> **Raw data**:

****

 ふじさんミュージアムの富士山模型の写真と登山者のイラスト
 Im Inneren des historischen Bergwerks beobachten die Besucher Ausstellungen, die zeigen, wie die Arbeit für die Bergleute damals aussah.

****

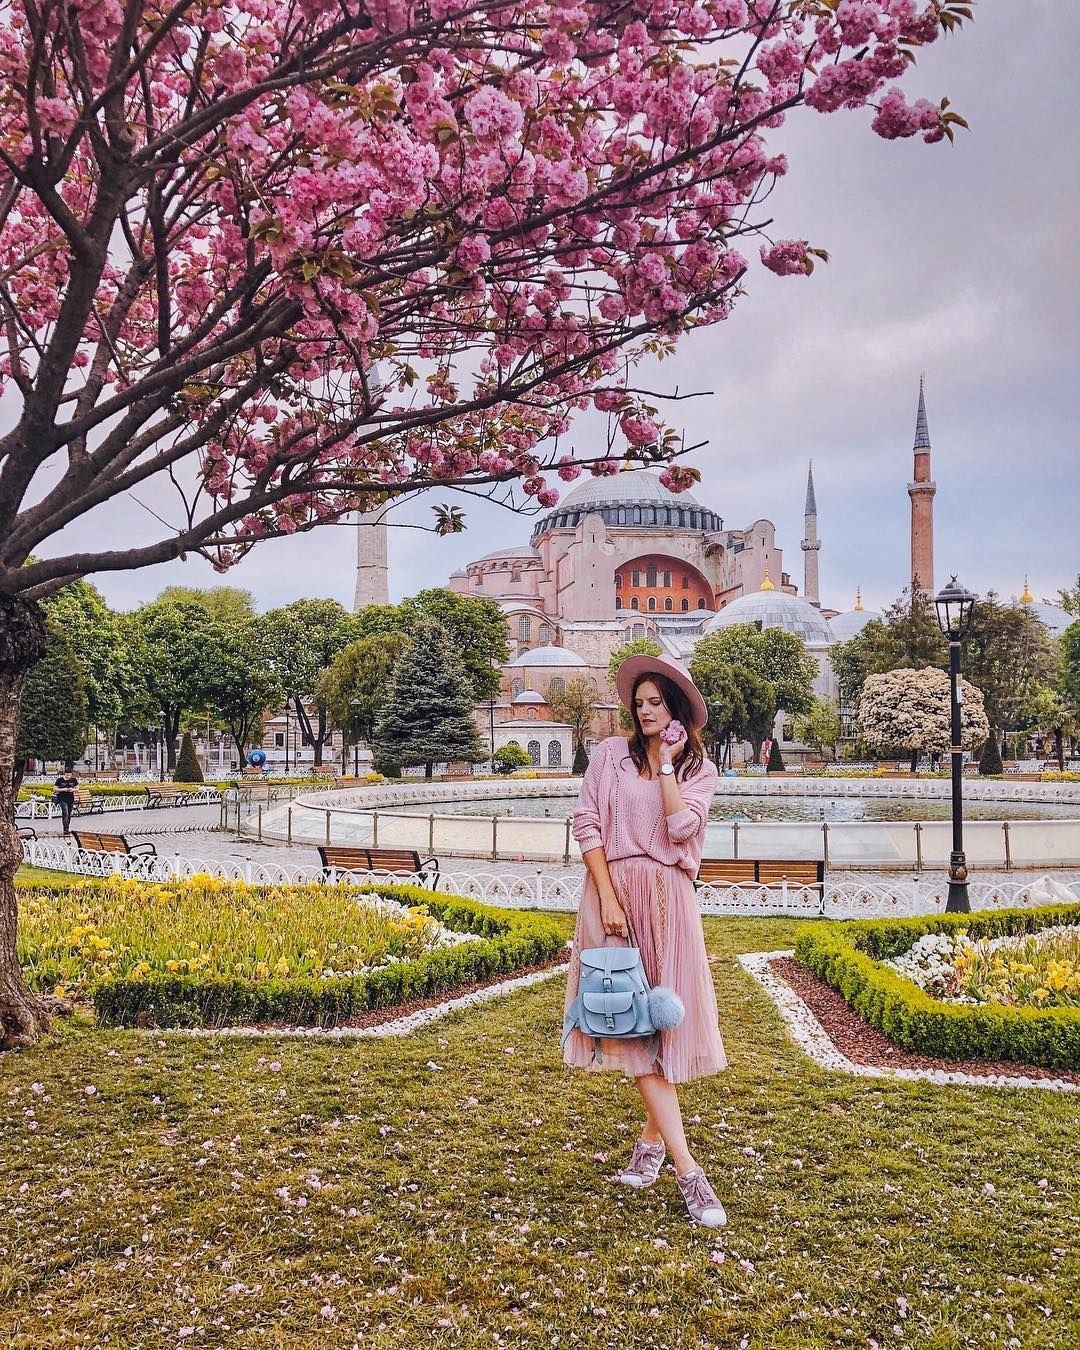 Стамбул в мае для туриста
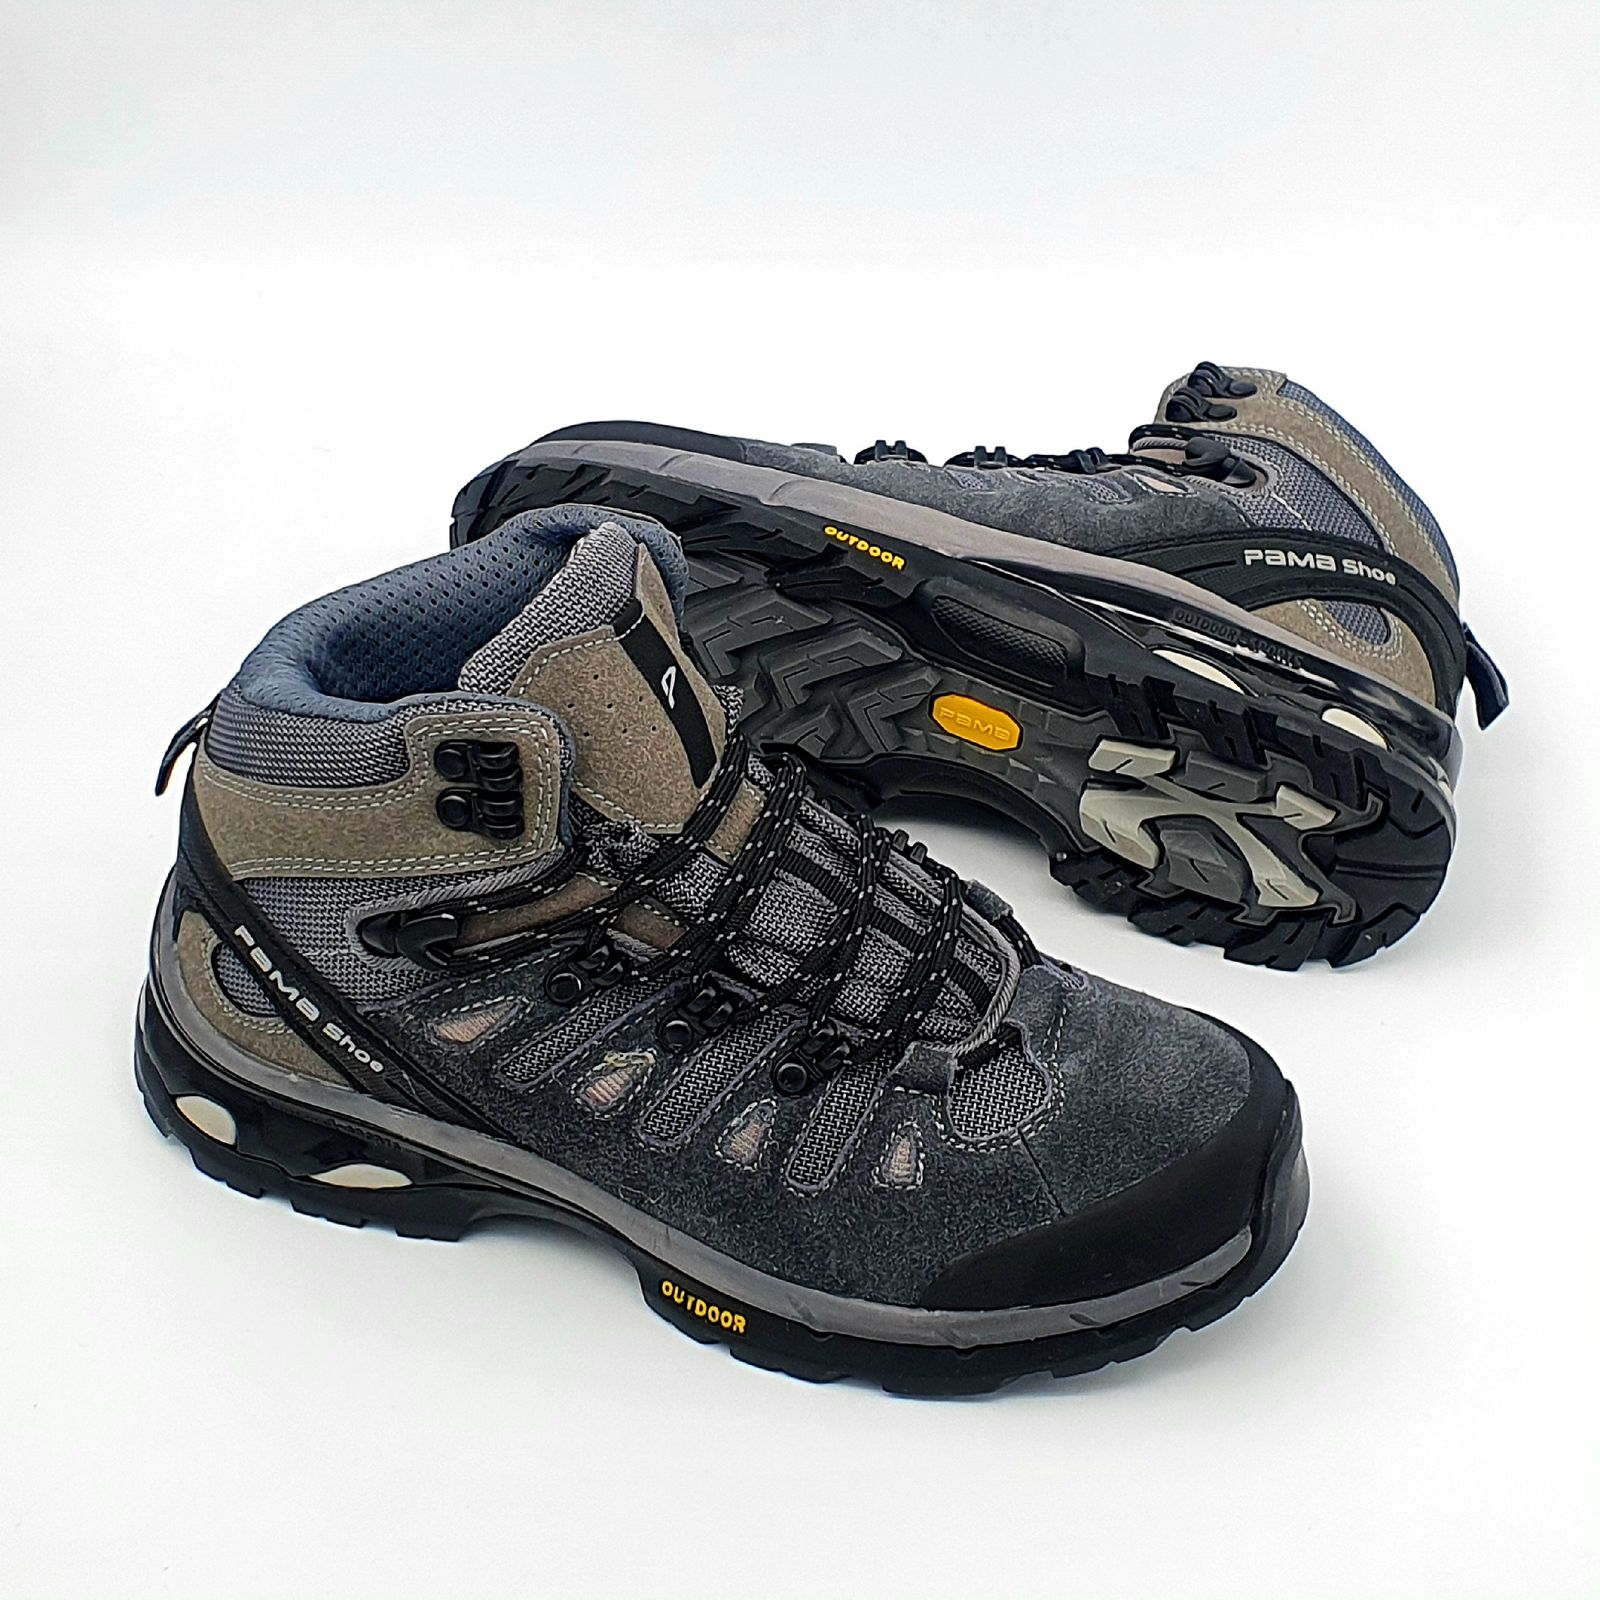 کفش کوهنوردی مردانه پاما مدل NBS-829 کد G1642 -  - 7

****

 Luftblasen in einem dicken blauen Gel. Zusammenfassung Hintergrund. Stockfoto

****

> **Directions**: Reproduce word for word the material above, starting with the line that has "ふじさんミュージアムの富士山模型の写真と登山者のイラスト" and stopping after the line that has "Im Inneren des".

> **Task answer**:
 ふじさんミュージアムの富士山模型の写真と登山者のイラスト
 Im Inneren des historischen Bergwerks beobachten die Besucher Ausstellungen, die zeigen, wie die Arbeit für die Bergleute damals aussah.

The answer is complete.